John Condict Carpenter (December 7, 1884 – June 4, 1933) was an American sprinter. He competed at the 1908 Summer Olympics in London, contributing to one of the many sporting controversies of the 1908 Games.

Early life
John Carpenter was born in Washington, DC in 1884, the oldest child of noted travel writer Frank G. Carpenter and Joanna Carpenter (née Condict), and the brother of future author and folklorist Frances Carpenter. Carpenter traveled widely in the company of his family throughout his childhood, before matriculating at Cornell University, from which he graduated in 1907.  Carpenter placed third in the 1908 collegiate national track and field championship 440 yard, while running for Cornell.

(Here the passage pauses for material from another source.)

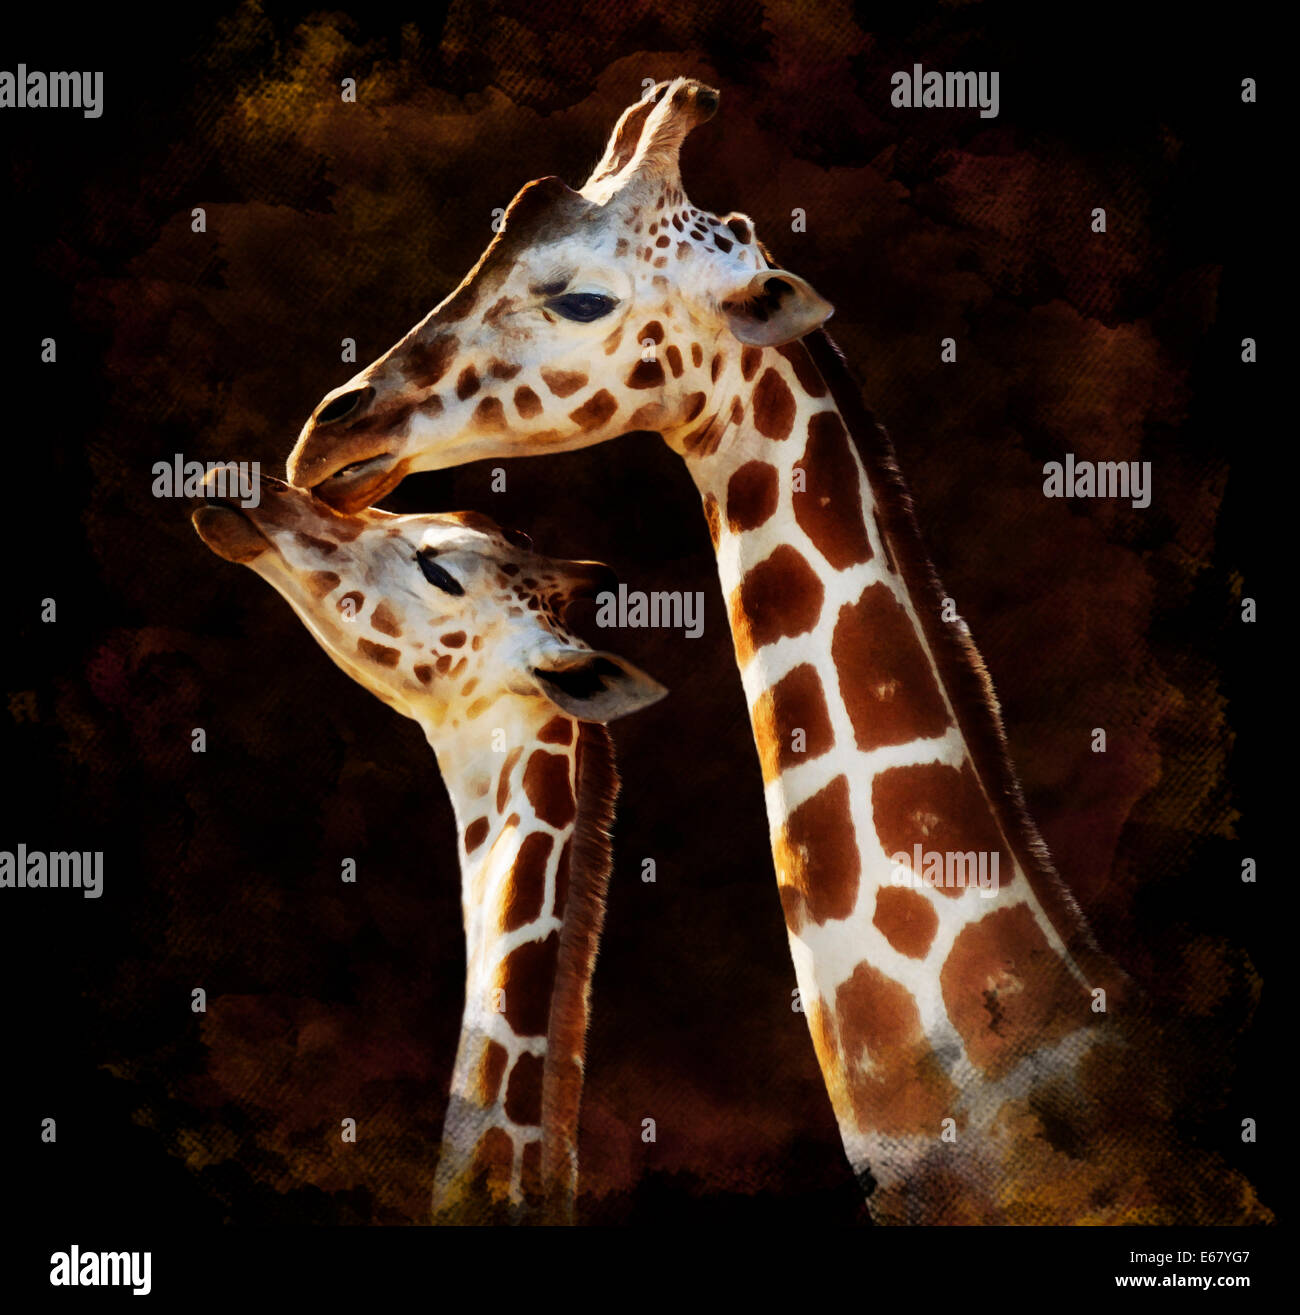 Watercolor Digital Painting Of  Mother And Baby Giraffes On Dark Background Stock Photo

Participation in the 1908 London Olympics

He advanced to the finals in the men's 400 meters race at the 1908 Summer Olympics after winning his preliminary heat with a time of 49.8 seconds and his semifinal in 49.4 seconds. In the first running of the final race, Carpenter came in first out of the four runners, clocking 47.8 seconds. However, umpire Roscoe Badger determined that Carpenter had willfully interfered with British runner Wyndham Halswelle. Though the obstructing maneuver was then legal under American rules, the Olympic contests were held under British rules, which did not allow it. Carpenter was disqualified and the race was ordered to be repeated without him. His countrymen, John Taylor and William Robbins, protested the ruling by boycotting the second final, leaving Halswelle to take the gold medal uncontested in the only walkover in the modern Olympic history.

Legacy and death
The disputed race was instrumental in the formation of the International Amateur Athletic Federation before the next Olympics, which sought to standardize the rules by which various sports played around the world. Additionally, judges were no longer provided by the host country but rather allocated from an international pool. As for the 400 meter sprint, following 1908, lanes were introduced to reduce incidents of runner-interference.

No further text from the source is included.